At issue was a shift in 2009 by the Sny Island Levee Drainage District (an Illinois political subdivision), from its longstanding and uniform, per-acre annual maintenance assessment on all property to an assessment based on differentiating between land owned by railroads, pipelines, and utilities (“RPU”), and non-RPU land. Under the new regime, non-RPU land would continue to be assessed on a per-acre basis while RPU land would be assessed according to the value of the benefit conferred on RPU lands by the District’s levee system. The result: 4,800% and 8,300% increases in assessments for Kansas City Southern and Norfolk Southern railroads, respectively, in the span of one year. At the same time, the District chose to exempt land situated within municipalities, which, according to the District’s commissioners, included all non-RPU commercial and industrial properties. To make matters worse, the District never notified RPU landowners of the change in assessment methodologies, as it was required to do under Illinois law.
Applying an analysis similar to that used in TIA cases, the court first determined that the annual maintenance assessment was a tax (rather than a fee) under the 4-R Act because it was designed to generate revenue for the general support of the government. To resolve the issue of whether the tax was discriminatory (and violated the 4-R Act), the court held that discriminatory intent is relevant under the residual clause of the 4-R Act, even if irrelevant under other parts of the Act.

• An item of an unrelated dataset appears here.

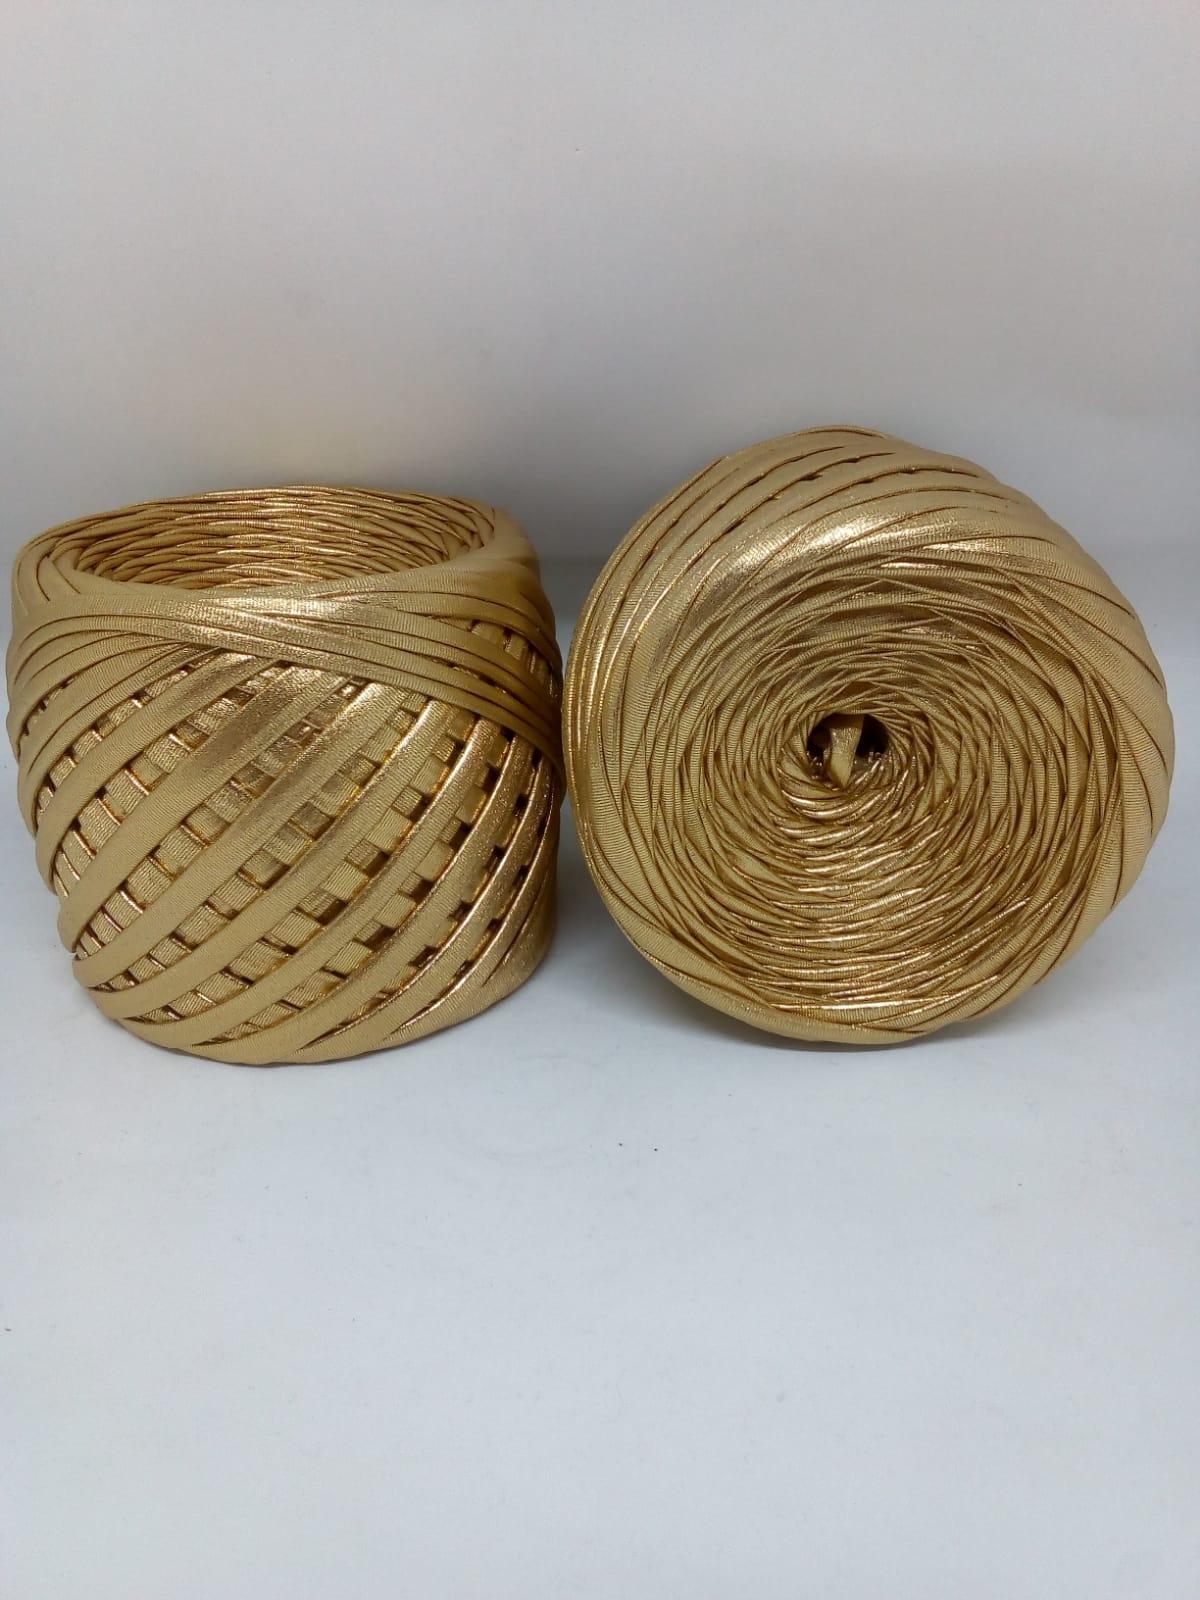 Maccaroni Metallic (Маккарони металика) 4 - золото заказать в Беларуси

Evidence of the District’s intent to discriminate against the railroads pervaded the evidentiary record, and the District’s new methodology was clearly discriminatory in practice.
Finally, the court clarified that in the context of a challenge to a tax that discriminates against a railroad under the 4-R Act’s residual clause, the 4-R Act’s exception to the TIA does not require the challenging railroad to prove anything other than the existence of discrimination. As the railroads had demonstrated, the differential treatment and the District’s intent to discriminate against the railroads in this case, the court ordered that the 2009 assessment be enjoined.